The group was set up by mothers affected by gun crime to help educate and influence others in the same situation.
Sylvia Lancaster, whose daughter was battered to death in a park in Bacup for being Goth, attended the event to build links with MAV.
She said: “We want to show people that we are against violence of any form, whether it is knife or gun crime or kicking someone to death.”
The event started in Albert Square, where the crowd was entertained by DJ Juggler, musical and dancing performances and speeches from local politicians.
A one-minute silence was held and the names of people who have died as a result of violence since 1999 were read out.
Children and mothers and fathers supporting the event took part in the march – the majority wearing white T-shirts bearing the words ‘valuing young people’ on the back.

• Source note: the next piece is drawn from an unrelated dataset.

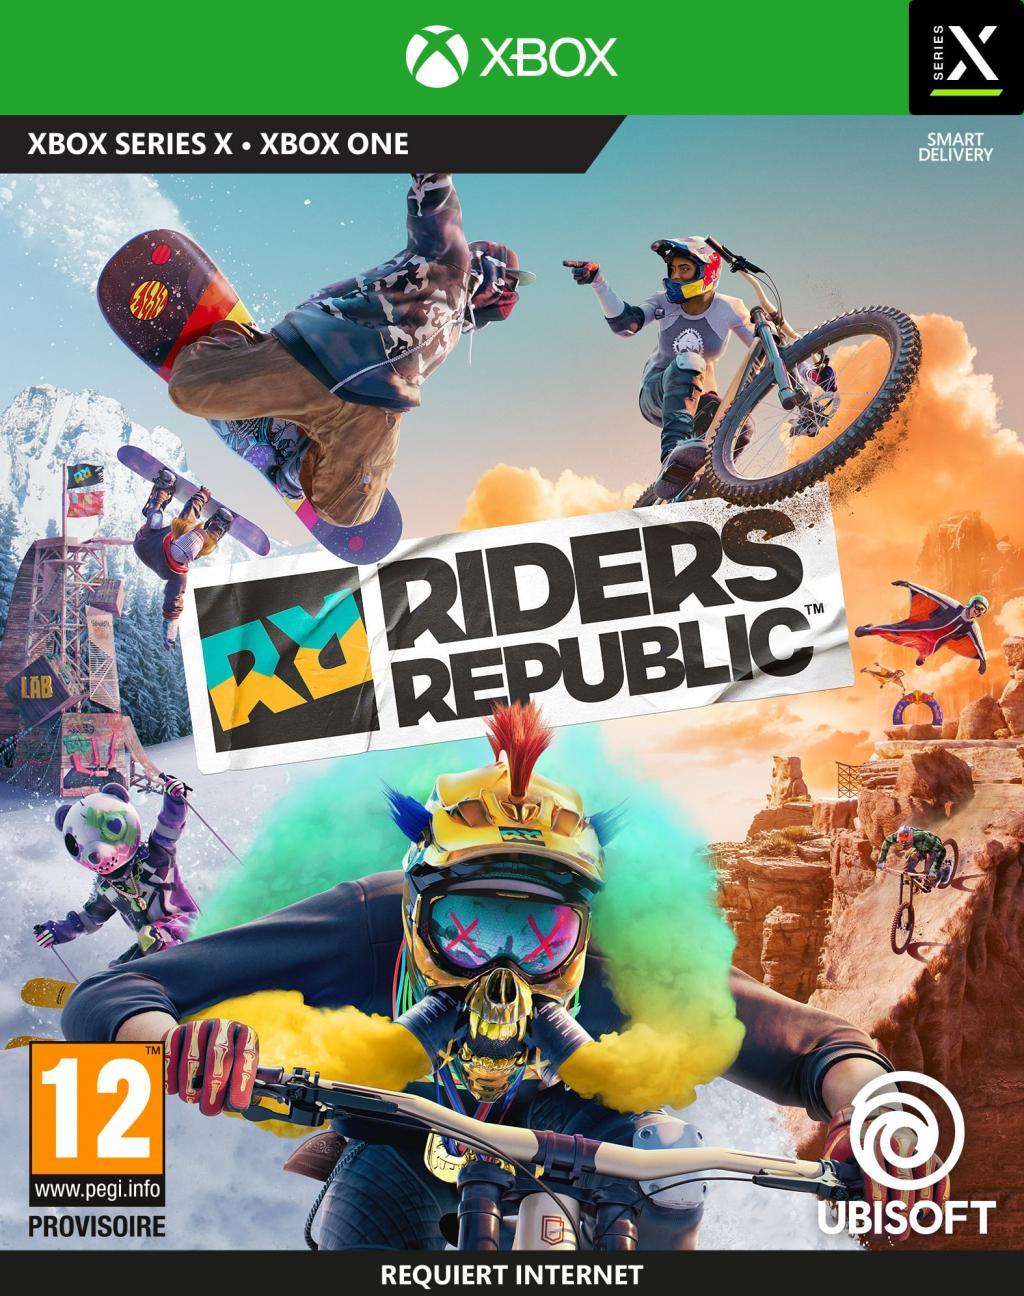 Riders Republic - XB ONE / XB SERIES X_1
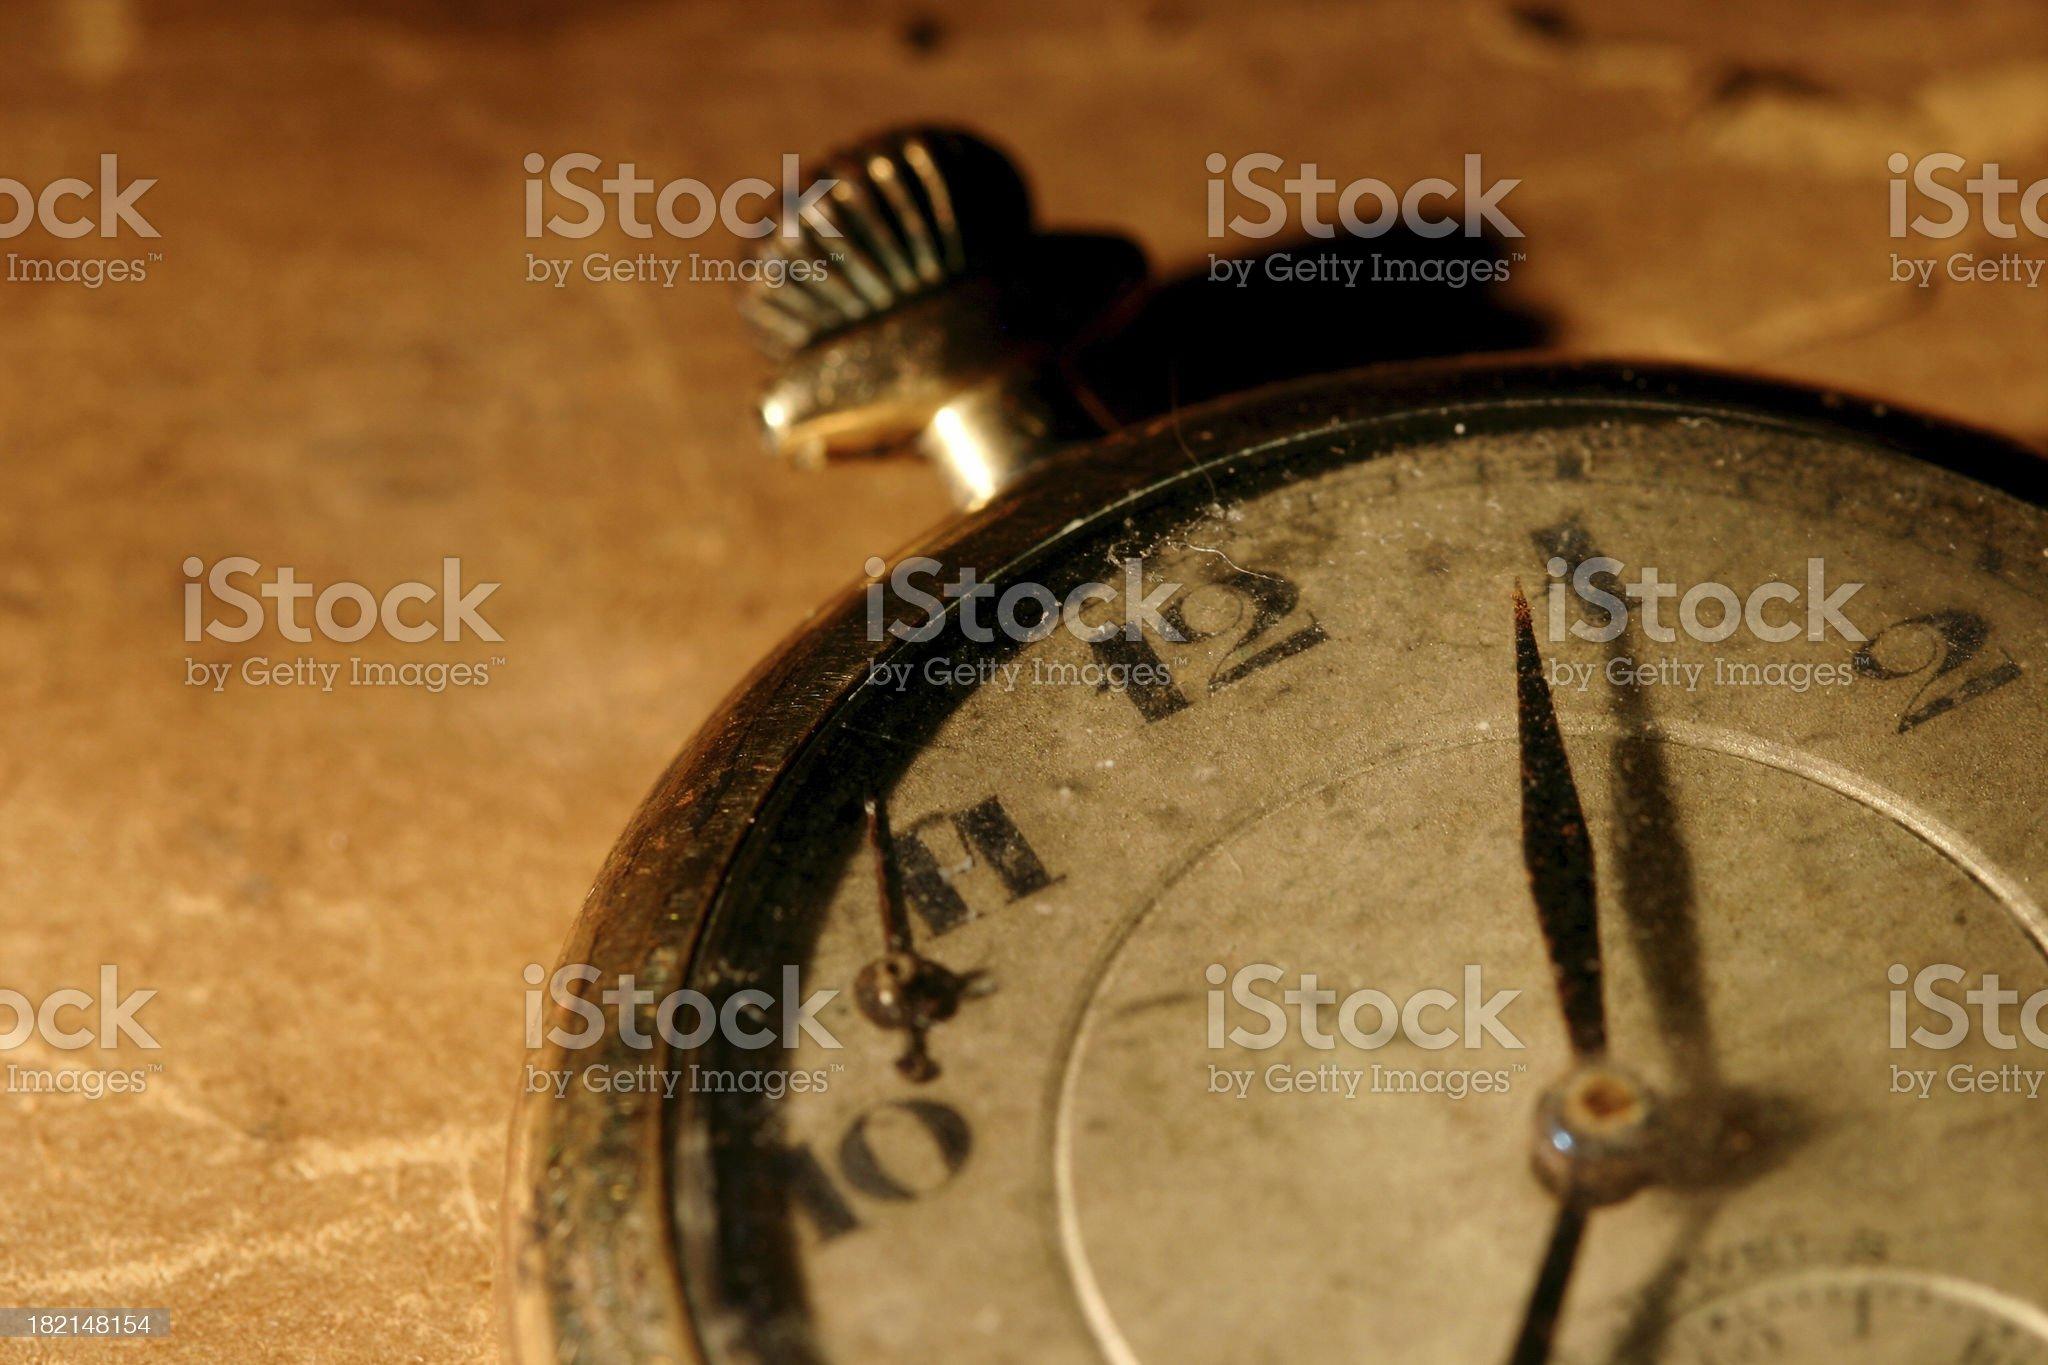 Antique Clock royalty-free stock photo

MAV chairwoman 2000 -2008 Patsy McKie – whose youngest son, Dorrie, was one of three young men shot dead in gang violence in one week in August 1999 – invited other mothers who have lost children to join her on stage.
She said: “We stand together knitted by brokenness but also cemented by the pain that we feel, and how we are going to go forward with that.”
Speaking about MAV she said: “It was just a vision that I had. I followed it and we are going forward and changing things.”
Tony Winter, a street pastor, said: “MAV said it wanted to do something about what was happening, it has and it has made a real difference.”
Rapper Rio Nelson, 24, who performed with colleague Mark Viollet, said: “I’m here for my friend Amy Leigh Barnes who was stabbed to death. We performed the track Sorry, dedicated to Amy and to promote a positive message to young people.”